What is Amazon Kinesis?
Amazon Kinesis is a real-time data streaming service that makes it easy to collect, process, and analyze data so you can get quick insights and react as fast as possible to new information.
With Amazon Kinesis you can ingest real-time data such as application logs, website clickstreams, IoT telemetry data, social media feeds, etc., into your databases, data lakes, and data warehouses. You can also build your own real-time applications using this data.
Looking to immediately get some deep info on Kinesis? Check out Cloud Academy’s Getting Started with Amazon Kinesis Learning Path, which includes courses, labs, and exams to fill your knowledge bucket.
Two key characteristics of Kinesis are that it enables you to process and analyze data as it arrives, and then it responds in real-time instead of having to wait until all your data is collected before the processing can begin. You can understand what Kinesis is designed to do by remembering that it can:
- Collect data quickly
- Analyze data quickly
How you collect, store, process, and analyze your data is up to you — it can range from complete customization of the system to a turnkey approach using the PaaS offering.
Why use Amazon Kinesis? Why use real-time analytics?
People use Amazon Kinesis because it’s an effective, real-time analytics service — but why are we so concerned about real-time data?
The chart below shows the function and value of data over time.
The value of data to be preventative or predictive diminishes (rather quickly) over time. The data still has value, it just becomes useful for a different role — for carefully looking at past trends, as opposed to continually acting on what’s happening in the present moment.
Amazon Kinesis Speed — Kinesis is good for companies that already have terabytes of data in the cloud
Data shows that 20% of companies already have migrated to the cloud. If you already have your data living in robust, backed-up resources, it makes sense to use a service designed to play nicely with those resources. You can reduce your time to market and get valuable insights more quickly.

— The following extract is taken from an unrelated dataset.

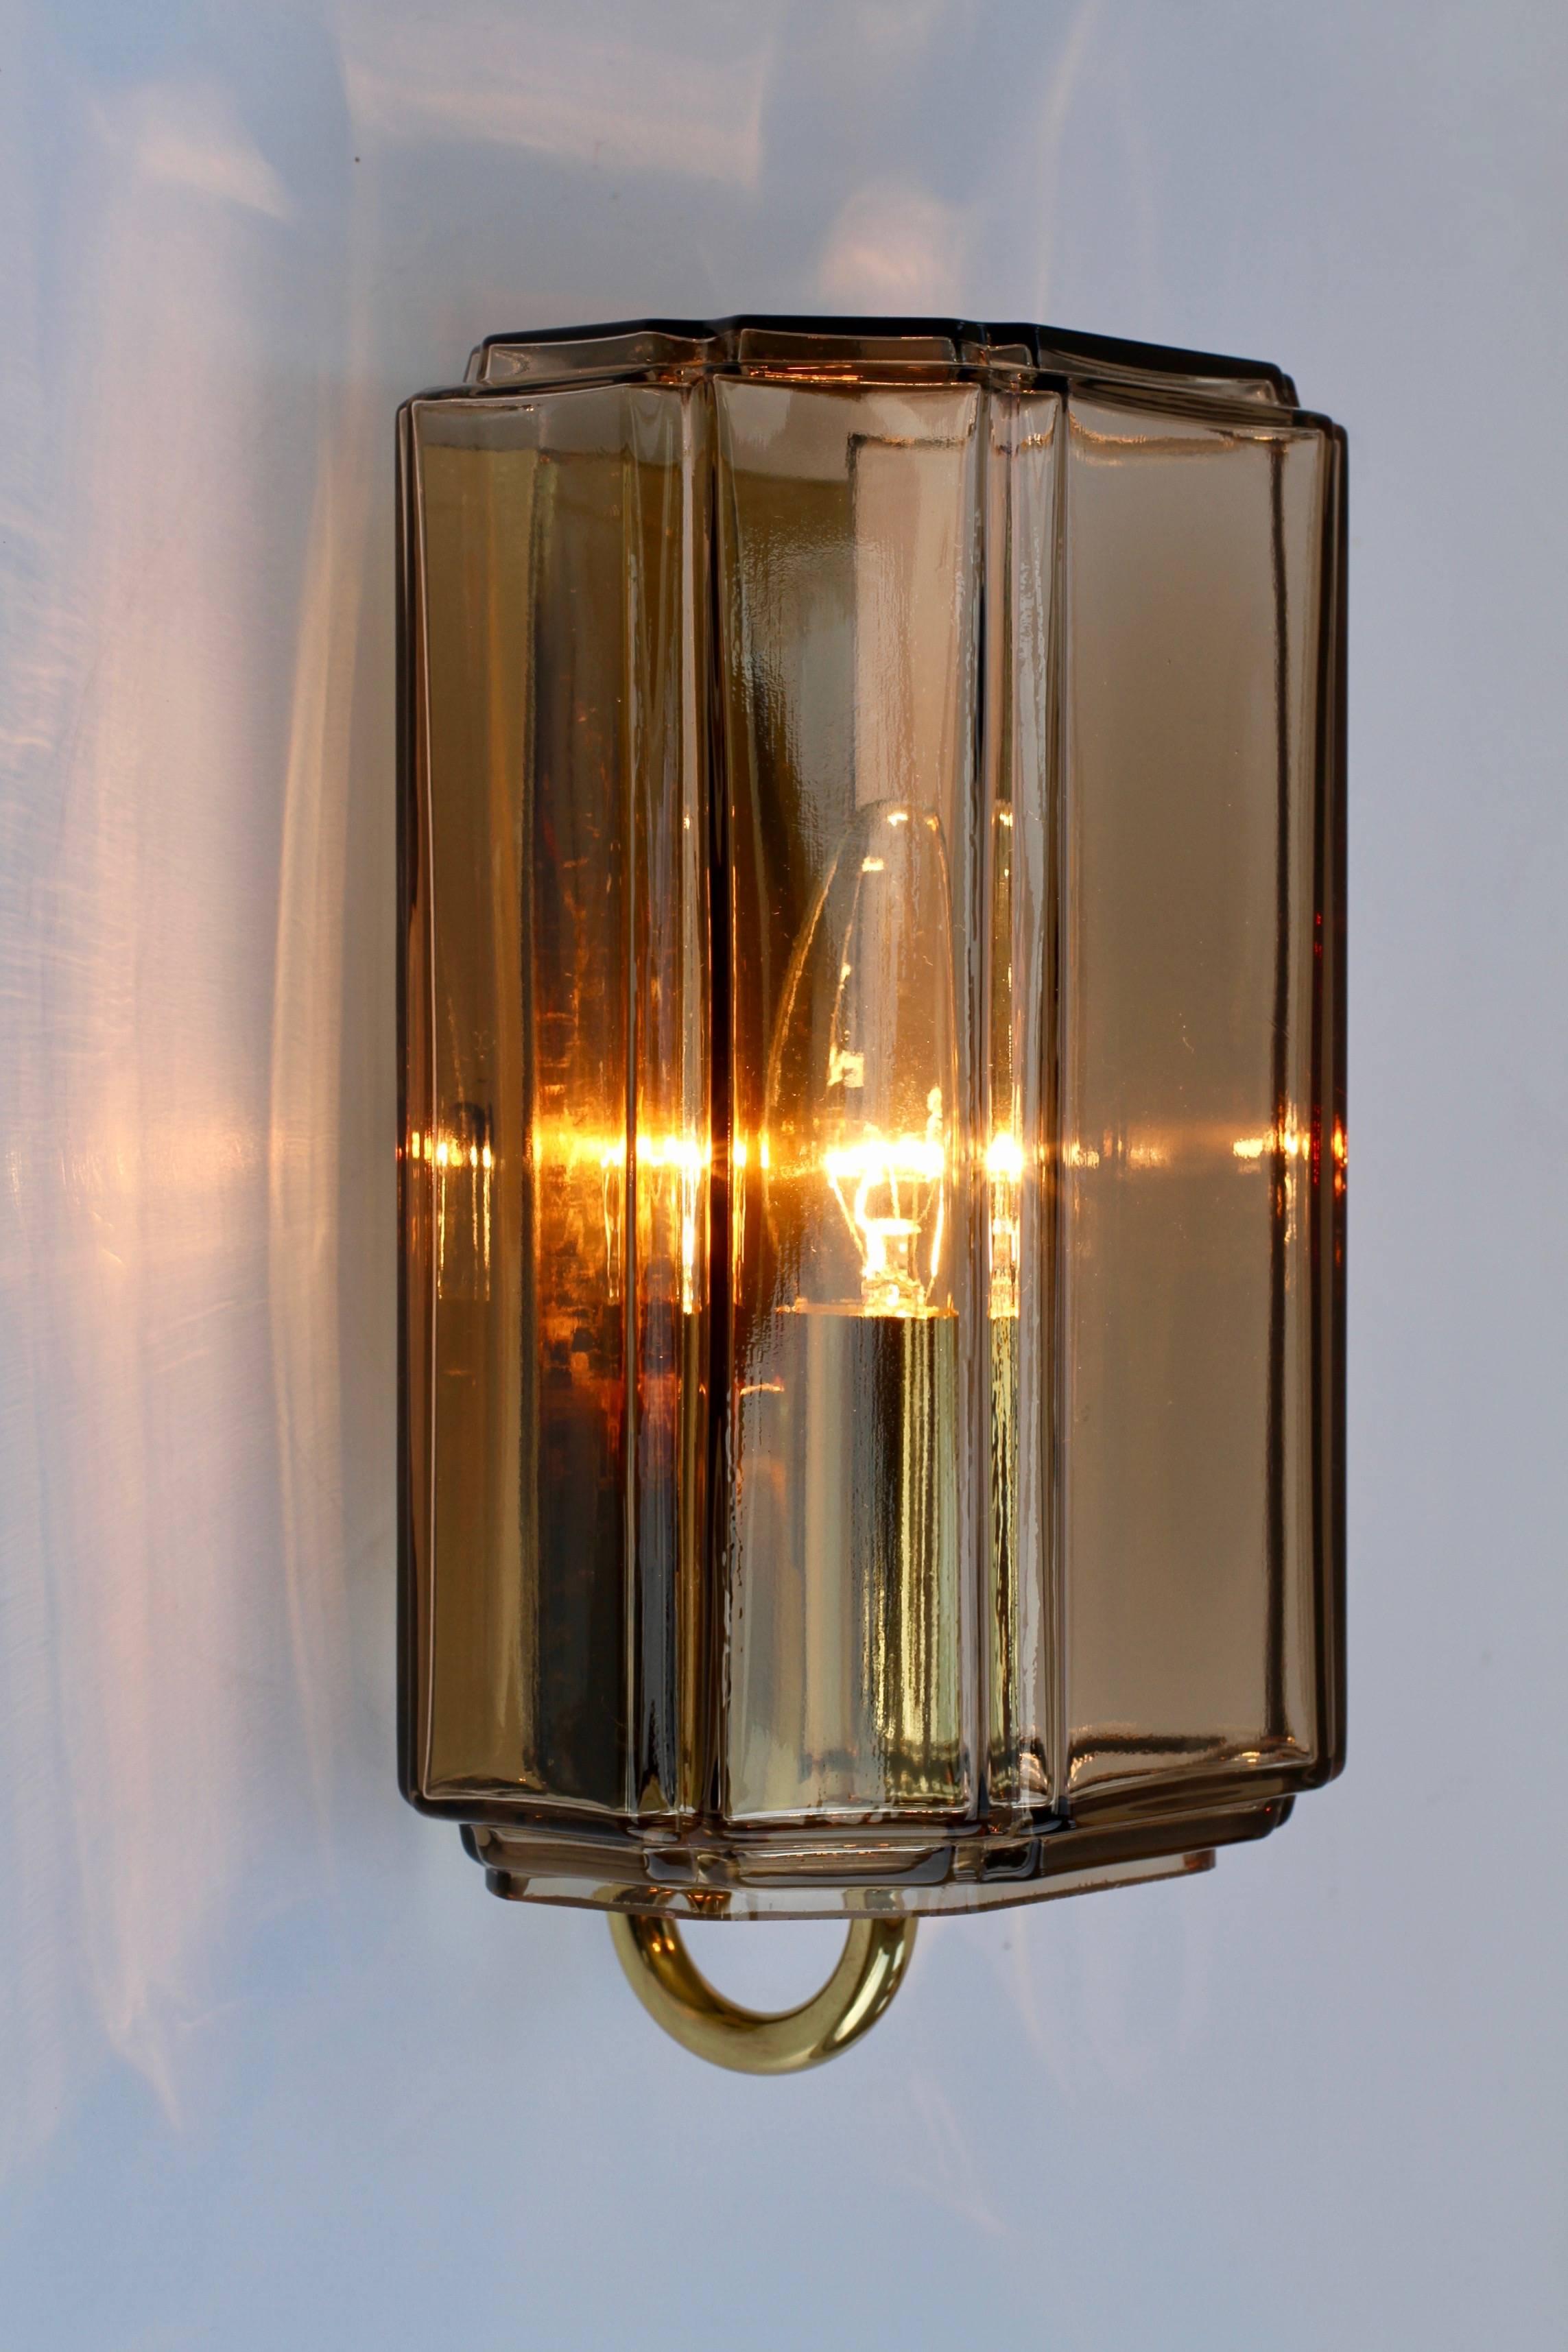 Set of three wonderful German wall-mounted single socketed light fixtures, sconces or lamps by Glashütte Limburg, circa 1965-1975. The geometric form of the smoked amber toned / topaz colored / coloured mouth blown glass illuminates beautifully and

Amazon Kinesis Scalability — elasticity is helpful, especially for network data
If you’re analyzing network data or anything that’s dynamic in nature, it’s important to be aware of cost concerns. You don’t want to commit to services that you don’t need, especially when your data can change at a moment’s notice. And you want to be prepared for spikes that will occur. Kinesis’s scalability helps you stay lean with costs and flexible with demand.
Amazon Kinesis Ease of Use — get benefits of a managed service
Use the AWS Console to quickly start up a Kinesis Firehose stream. In just a few clicks, you’ll be able to see your data coming in, and you won’t have to worry about resource allocation or administration.
Amazon Kinesis services
Kinesis provides four specialized services classified by the type and stage of processing of streaming data, as described below.
Amazon Kinesis Data Streams (KDS)
Note: Originally, this product was called Kinesis Streams — now we have Kinesis Data Streams and Kinesis Video Streams.
Characteristics
- Custom real-time processing.
- Kinesis Data Streams is the fastest service, offering < 1-second processing latency.
- Customization requires coding overhead from you.
How is it architected?
Since Amazon Kinesis Data Streams is a fully customizable offering, it’s good to know some basics about how it’s built. It’s components are:
- Record
- A record is the unit of data in an Amazon Kinesis stream. Each record in the stream is composed of a sequence number, a partition key, and a data blob. A data blob is the data of interest your data producer adds to a stream.
- Shard
- The data records in the stream are distributed into shards. A shard is the base throughput unit of a Kinesis Data Stream, meaning it’s how you gauge the amount of bandwidth you have. The overall capacity of your stream is a function of the number of shards that you specify for that stream. More shards = more capacity. You can always increase your number of shards.
- Producers
- The producers are the mechanisms that continuously push data to streams. A web service sending log data to a stream is an example of a producer.
- Consumers
- Consumers receive records from Kinesis Data Streams and process them. These consumers are known as Amazon Kinesis Streams applications. Consumers can store the output using AWS services such as Amazon DynamoDB, Amazon Redshift, or Amazon S3. An Amazon Kinesis application is a data consumer that reads and processes data from an Amazon Kinesis Stream and typically runs on a fleet of EC2 instances. You need to build your applications using either the Amazon Kinesis API or the Amazon Kinesis Client Library (KCL).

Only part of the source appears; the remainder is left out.